HTTP request sent, awaiting response... 200 OK
Length: 5458199 (5.2M) [text/plain]
Saving to: ‘t8.shakespeare.txt’
t8.shakespeare.txt. 100%[===================>]   5.21M  47.6KB/s    in 1m 50s  
2021-05-18 16:46:27 (48.5 KB/s) - ‘t8.shakespeare.txt’ saved [5458199/5458199]

# 文件路径
path_to_file = './t8.shakespeare.txt'
test_sentence = open(path_to_file, 'rb').read().decode(encoding='utf-8')
# 文本长度是指文本中的字符个数
print ('Length of text: {} characters'.format(len(test_sentence)))

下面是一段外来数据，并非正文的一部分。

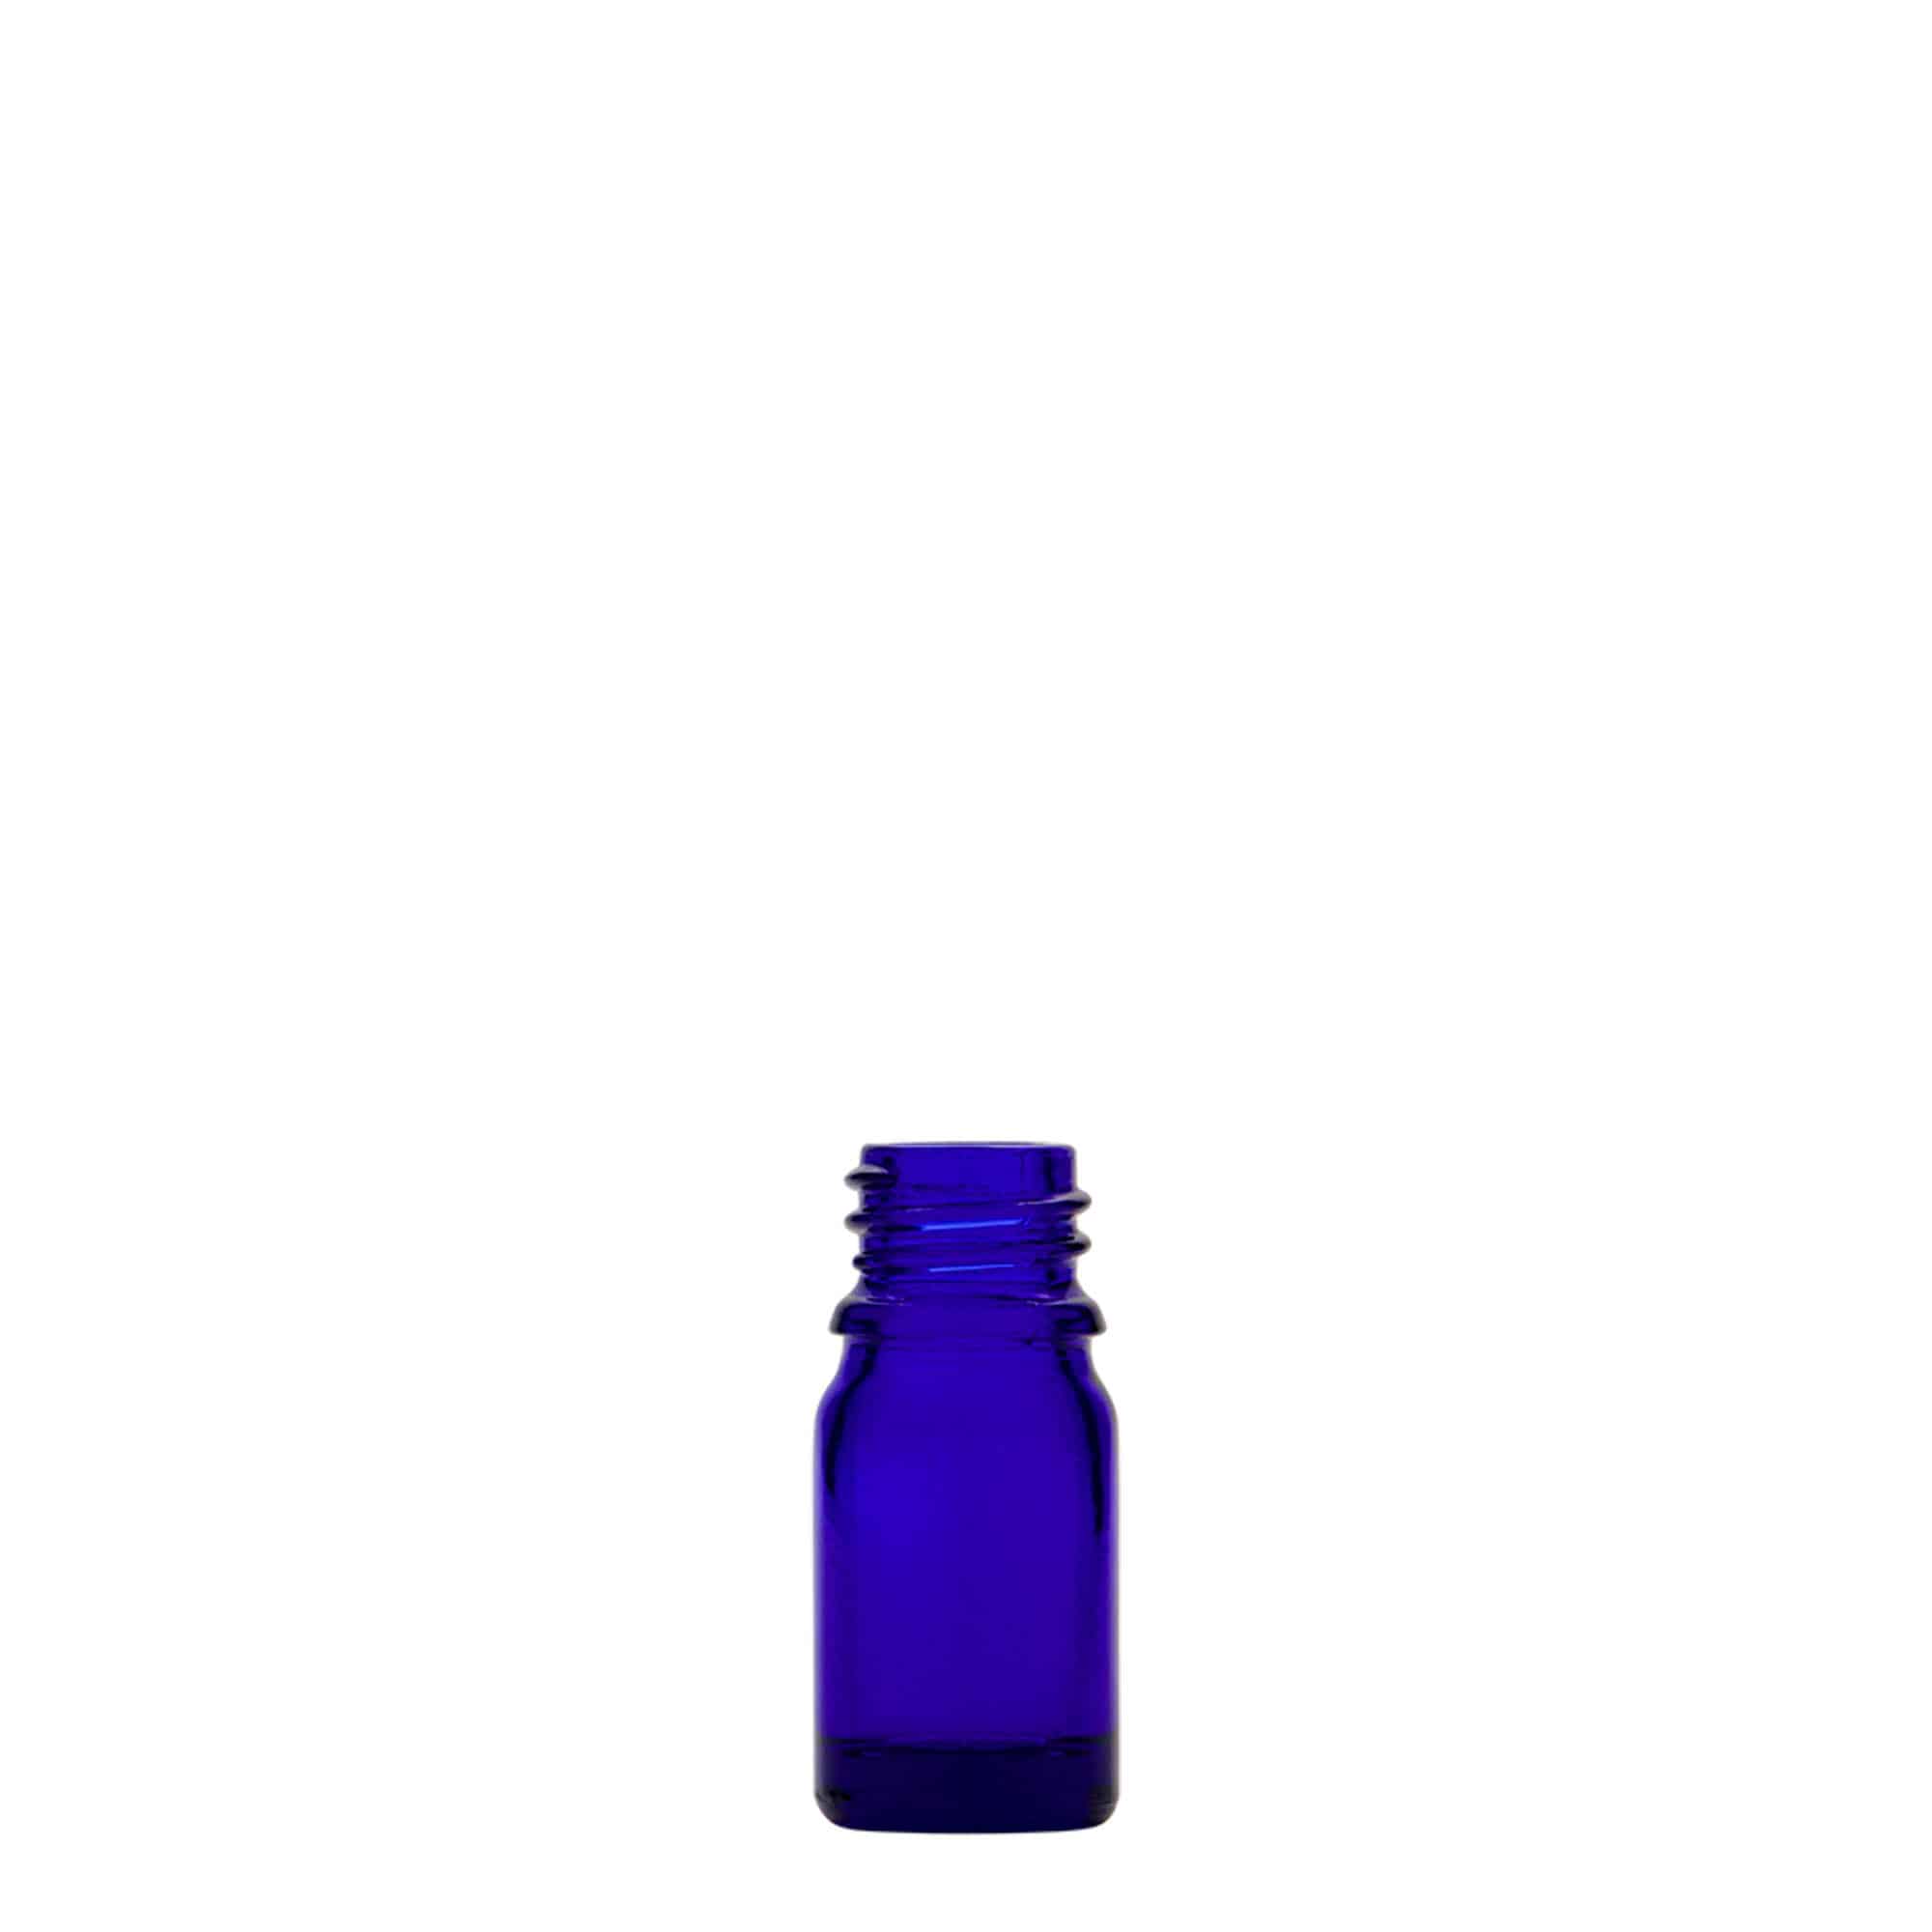 Lékovka 5 ml, sklo, královská modř, ústí: DIN 18
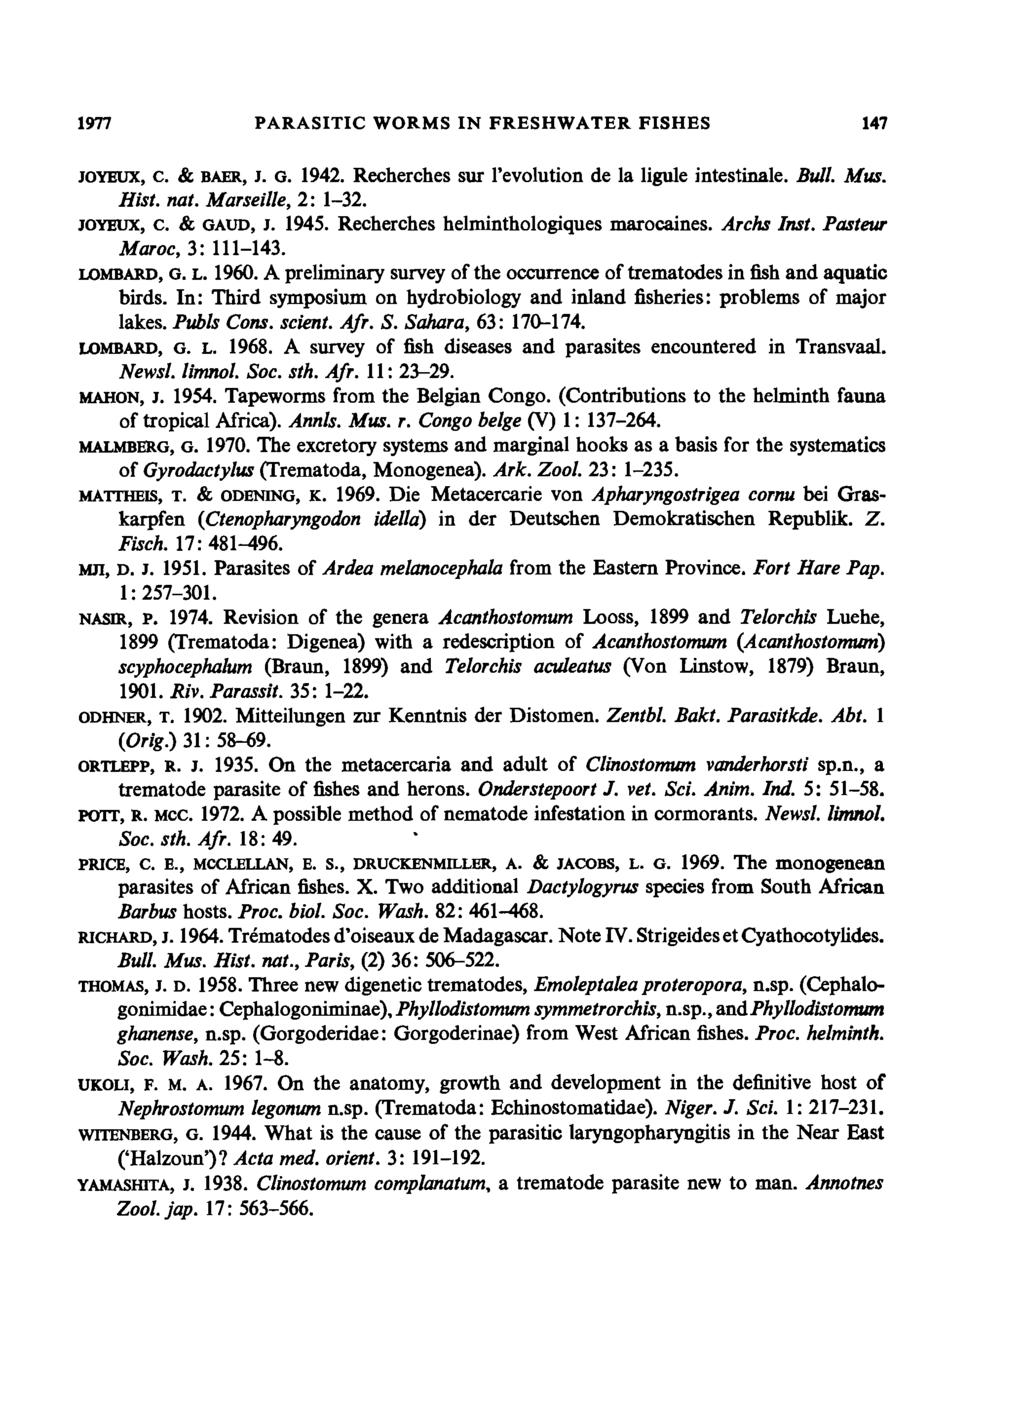 1m PARASITIC WORMS IN FRESHWATER FISHES 147 JOYEUX, c. & BAER, J. G. 1942. Recherches sur revolution de Ia ligule intestinale. Bull. Mus. Hist. nat. Marseille, 2: 1-32. JOYEUX, c. & GAUD, J. 1945.

Length of text: 5458199 characters

2.2 数据预处理

因为标点符号本身无实际意义，用string库中的punctuation，完成英文符号的替换。

from string import punctuation
process_dicts={i:'' for i in punctuation}
print(process_dicts)
punc_table = str.maketrans(process_dicts)
test_sentence = test_sentence.translate(punc_table)

{'!': '', '"': '', '#': '', '$': '', '%': '', '&': '', "'": '', '(': '', ')': '', '*': '', '+': '', ',': '', '-': '', '.': '', '/': '', ':': '', ';': '', '<': '', '=': '', '>': '', '?': '', '@': '', '[': '', '': '', ']': '', '^': '', '_': '', '`': '', '{': '', '|': '', '}': '', '~': ''}

由于词表的的长尾，会降低模型训练的速度与精度。因此取词频前2500的单词作为词表，如果不在词表中的单词都用 ‘ ’ 替换。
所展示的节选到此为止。